We recently demonstrated that by changing codons of an oligomycin-resistant mutant mitochondrial DNA (mtDNA)-encoded ATPase 6 gene, it was possible to express it from the nucleus. Further, if constructed with a mitochondrial-targeting leader sequence, this protein was transported into mitochondria of CHO cells and conferred oligomycin resistance to a cell line that possessed a normal mtDNA ATPase 6 gene sequence (Zullo et al. Rejuvenation Research 8, 18-28, 2005). In principle then, any mtDNA-encoded gene could be altered so it could be expressed from the nucleus (known as allotopic expression) and should be able to compensate for a defective mtDNA-encoded gene product.

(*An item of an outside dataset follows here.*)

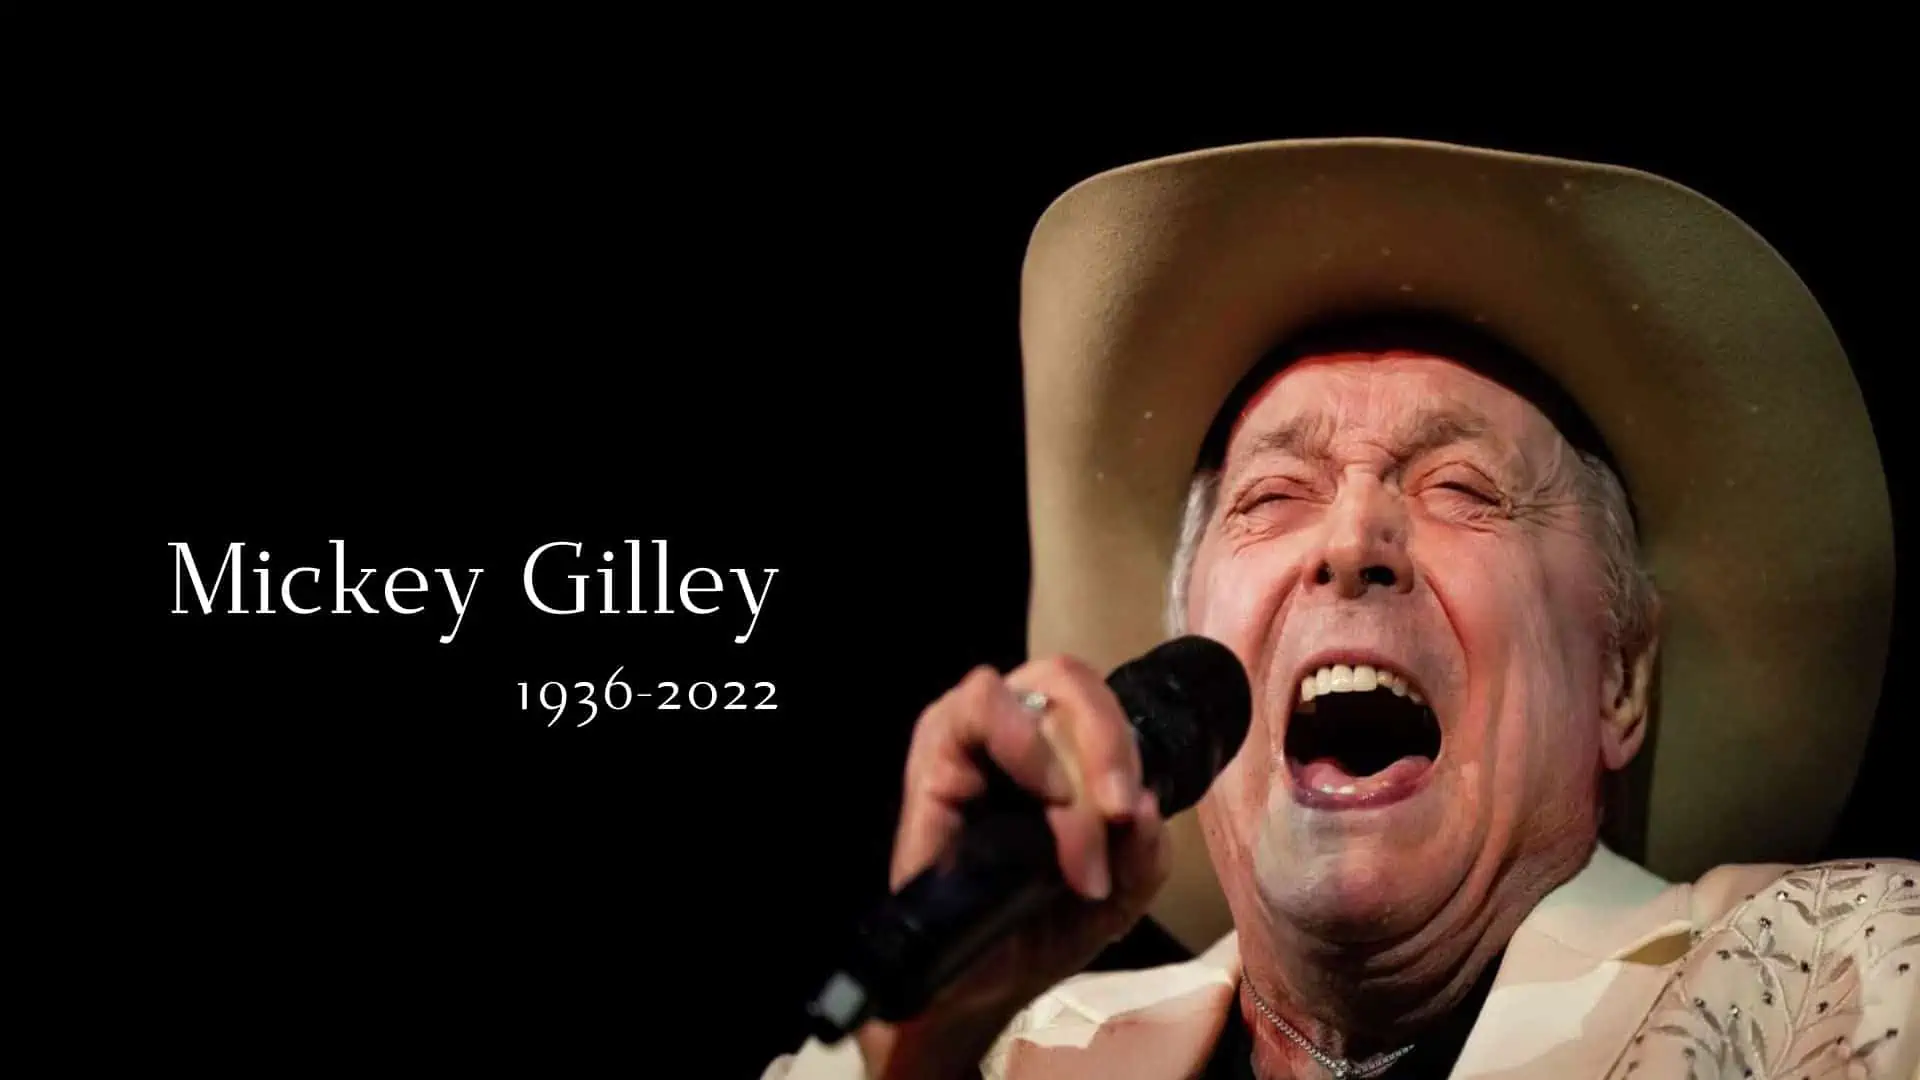 Mickey Gilley, the man who inspired 'Urban Cowboy', dies at 86

For this to occur, the newly synthesized protein needs to be accessible to chaperon proteins and/or not fold or aggregate prior to import; the leader would most likely need to be removed prior to the protein being inserted into the membrane-associated complex (all mtDNA-encoded proteins are membrane-associated proteins). If the complex possessed a mutated but stable form of a damaged protein, the pre-existing protein in the complex would need to be displaced; alternatively, the newly imported protein could be inserted into nascent complexes, which would need to replace the existing complex. It has not been established that all these events could occur so the generality of the events in our initial report has not yet been determined.
Lastly, we recently found a bacterial leader that could bring proteins into HeLa cell mitochondria. It is not known if this event occurs in nature.
The relevance of this finding and other factors that might influence the ability of normally mtDNA-encoded genes to be allotopically expressed from the nucleus will be discussed.